Op de dag van het overlijden van Paus Franciscus waren wij, hoe toepasselijk, in Châteauneuf-du-Pape. Het dorpje is wereldberoemd om zijn wijnen, maar gold in de 14de eeuw als buitenverblijf van de paus die uit veiligheid een periode van ongeveer zeventig jaar in Avignon zetelde. Van het buitenverblijf staan tegenwoordig alleen nog een paar buitenmuren overeind. De wijnbouw staat echter sinds de pauselijke aanwezigheid nog steeds als een huis.

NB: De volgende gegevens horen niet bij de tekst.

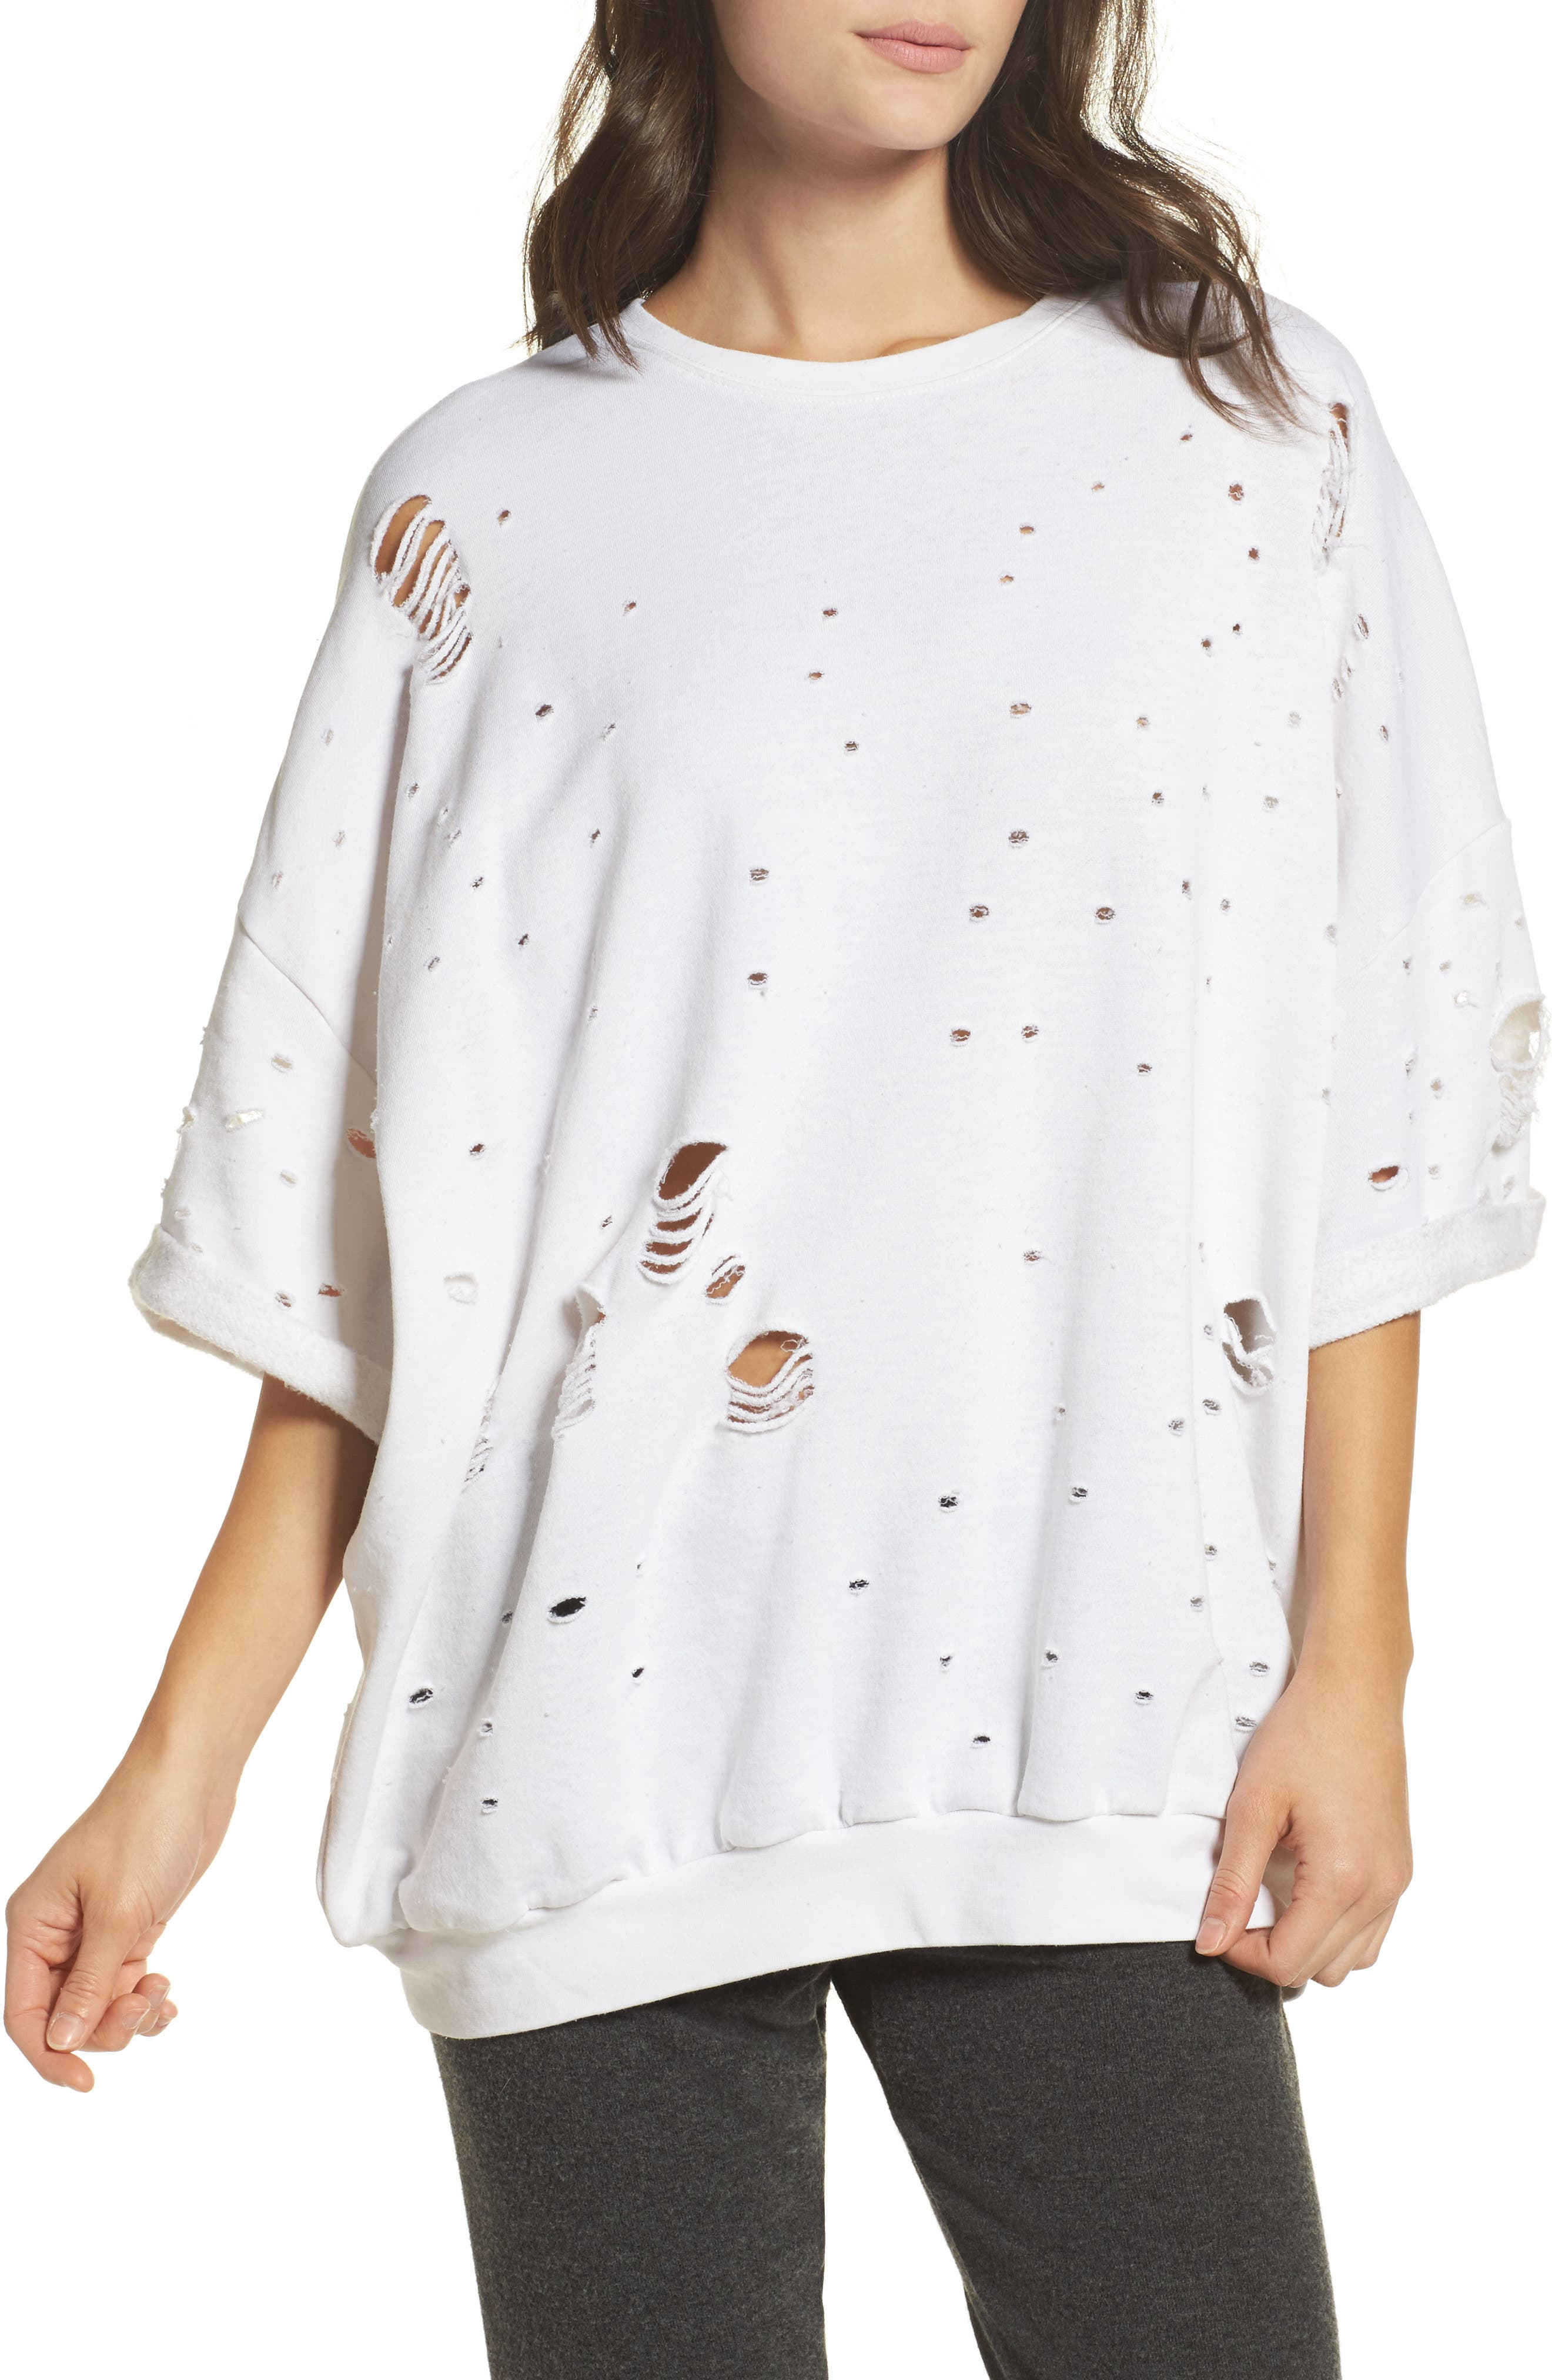 Thrasher Sweatshirt,                         Main,                         color, White
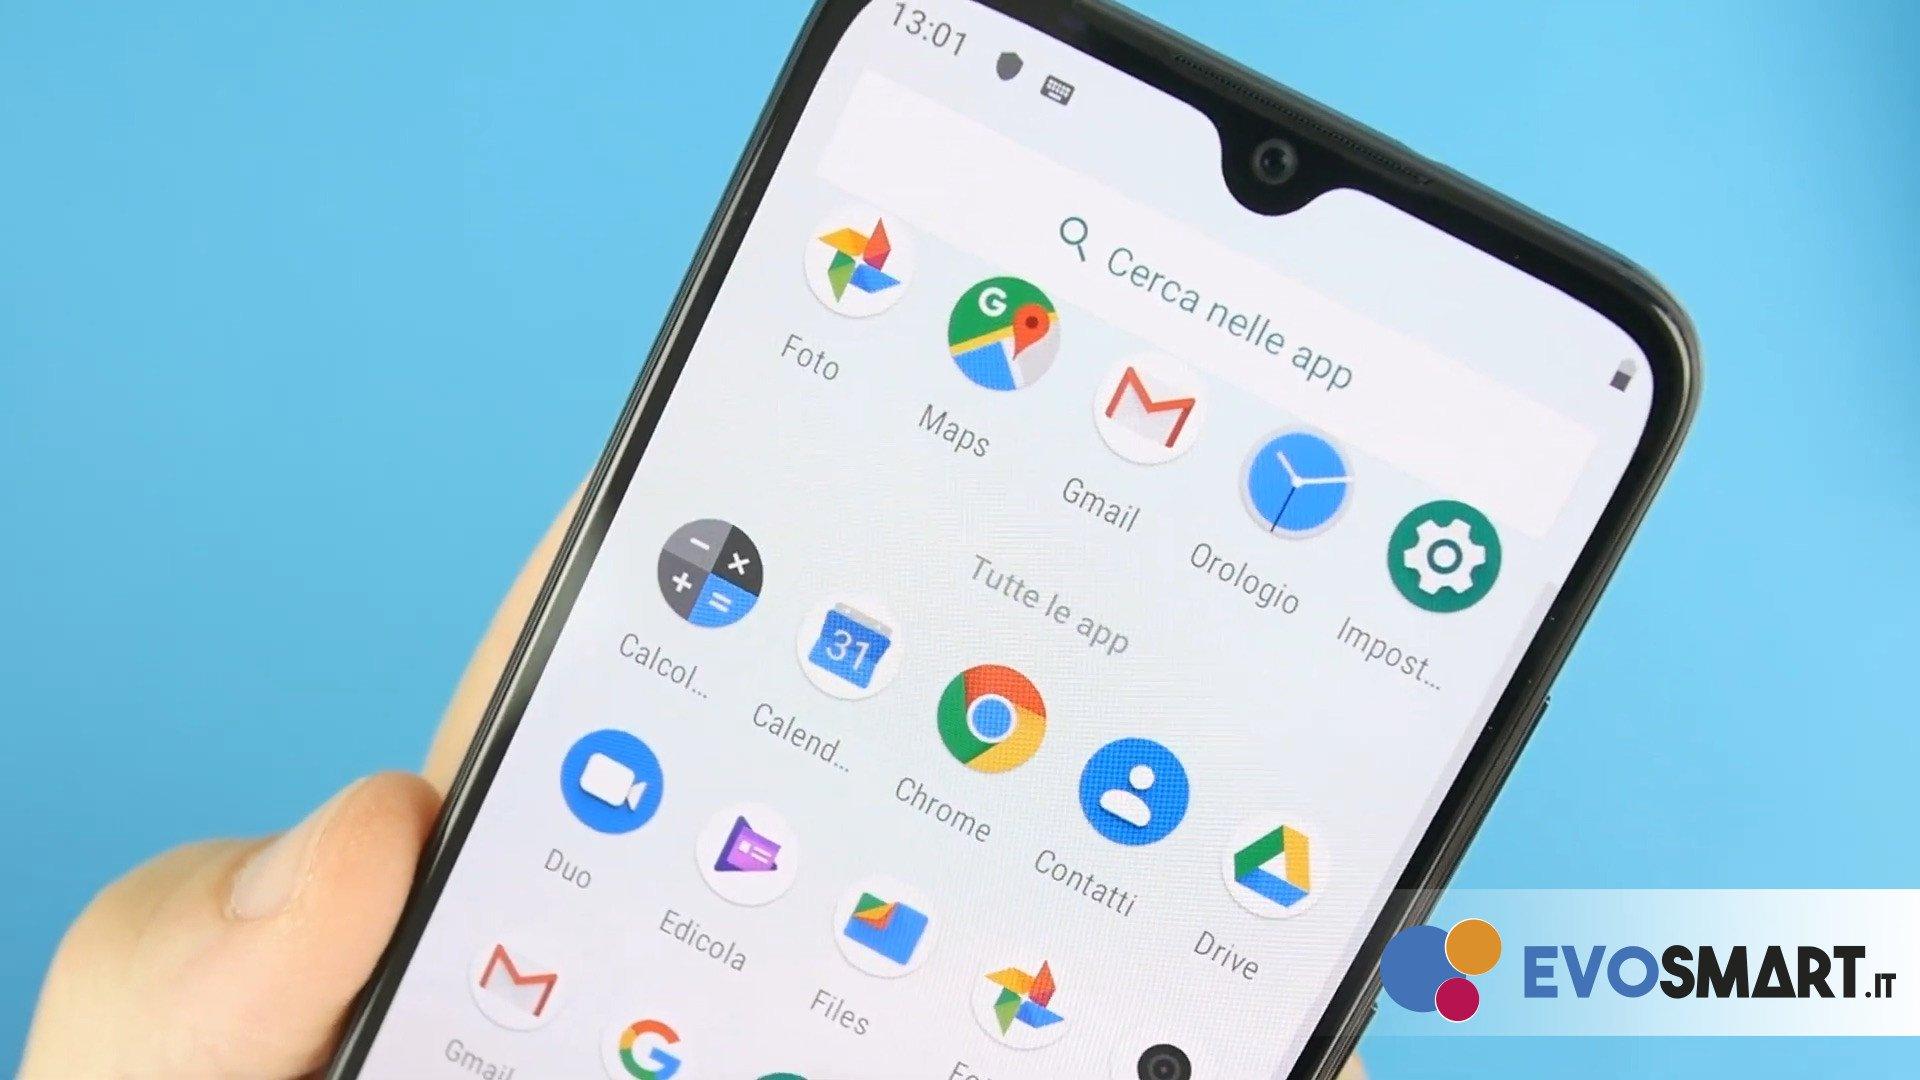 Xiaomi Mi A3 Pro: проверить сертификацию

De reden? Châteauneuf geldt als de eerste AOC van Frankrijk. In 1936 beschreef men nauwkeurig welke druivensoorten mochten worden gebruikt, hoeveel druivenstokken per ha mochten worden aangeplant, welke gebieden tot de AOC behoorden, etc. Dit alles met als doel de kwaliteit van de wijn te garanderen. Een voor die tijd vooruitstrevende aanpak die tot op de dag van vandaag dit beroemde dorp zijn faam geeft.
Tijdens ons bezoek afgelopen april hadden we onze intrek genomen bij Danièle Raulet-Reynaud, een beroemde Franse meestersommelier en wijndocente, die veel zendingswerk heeft verricht in China en Japan als het op wijneducatie aankomt. Na een dinsdag die volgepland stond met afspraken bij wijnboeren over import en douanepapieren, had Danièle een mooie verrassing voor ons in petto: een proeverij, of beter, een masterclass, bij Jean Claude van Domaine du Banneret, gesticht in het respectabele jaar 1405. Domaine du Banneret omvat een kleine wijnmakerij midden in het dorpje, met voor Rhônebegrippen een eveneens kleine wijngaard van 5 ha. verdeeld over zeven wijngaarden.

Jean Claude had zijn sporen verdiend als architect. Maar toen er in de familie geen opvolging dreigde, besloot hij het roer om te gooien. Hij werd wijnboer. Hoongelach van collega’s viel hem te beurt, zoals dat zo vaak gaat. Maar hij liet zich niet van de wijs brengen. En zoals hij in zijn gedachten mooie gebouwen schetste, zo gaf hij ook zijn wijnen vorm. Elk jaar één rode en één witte. Meer niet. Het fundament waren mooie rijpe druiven vol fruittonen. Het cement frisse zuren en tannines die subtiel alles bij elkaar hielden. De afwerking zat in de houtlagering, waarbij gebruikte vaten zorgden voor elegantie en ingetogenheid. Eigenlijk zoals de maker zelf. Maar in bescheidenheid toonden de wijnen zich van uitzonderlijke klasse. Het is dan ook niet voor niks dat hij in de sterrenrestaurants van Frankrijk wordt geschonken. De witte Châteauneuf subtiel, complex, ingetogen met on-zuidelijke frisse zuren. De rode Châteauneuf kruidig, rijk en elegant als een Pinot Noir uit de Bourgogne.
Met iedere oudere jaargang die we proefden, werd de wijn complexer, alsof we bladzijden uit het dagboek van Jean Claude mochten lezen. Bijna achteloos maakte hij voor ons een proefmonster van de jaargang 2023 die nu op tank en vat lag. Een overheerlijke wijn. Mooi op dronk, maar met een prachtig bewaarpotentieel. We waren sprakeloos. Ook degenen in de groep die dat niet snel zijn.

Toen bladerden we terug in het dagboek en kwamen in een inktzwart jaar. 1997. Het jaar dat zijn zoon Jean François kwam te overlijden aan de gevolgen van kanker, 27 jaar jong. Eén vat had hij slechts gemaakt in dat jaar. En nooit verkocht. Bij binnenkomst waren we reeds gekeurd en waardig bevonden. We mochten proeven op voorspraak van Danièle. In de wetenschap dat de wijn inmiddels ouder was dan zijn zoon ooit heeft mogen worden, proefden we gekonfijt fruit, amandelen, hazelnoot, dadels en wat meer… We proefden een wijn die met een gebroken hart was gemaakt. Een hart dat nooit was geheeld.
Toen kwamen de verhalen.. Over hoe hij had gediend bij de Franse commando’s, over Jean François die was afgestudeerd aan de militaire academie, over hoe Danièle ooit was opgeleid tot flight nurse bij het Croix Rouge, over dat wij veteraan waren, over de zorgen van twee tachtig plussers over de wereld van nu en het verdriet van Jean Claude om wat nooit heeft mogen zijn.
Iets zei mij dat zijn dagboek zich sluit op het moment dat hij de laatste slok heeft genomen, het vat uit 1997 leeg is en de levenswijn is gedronken.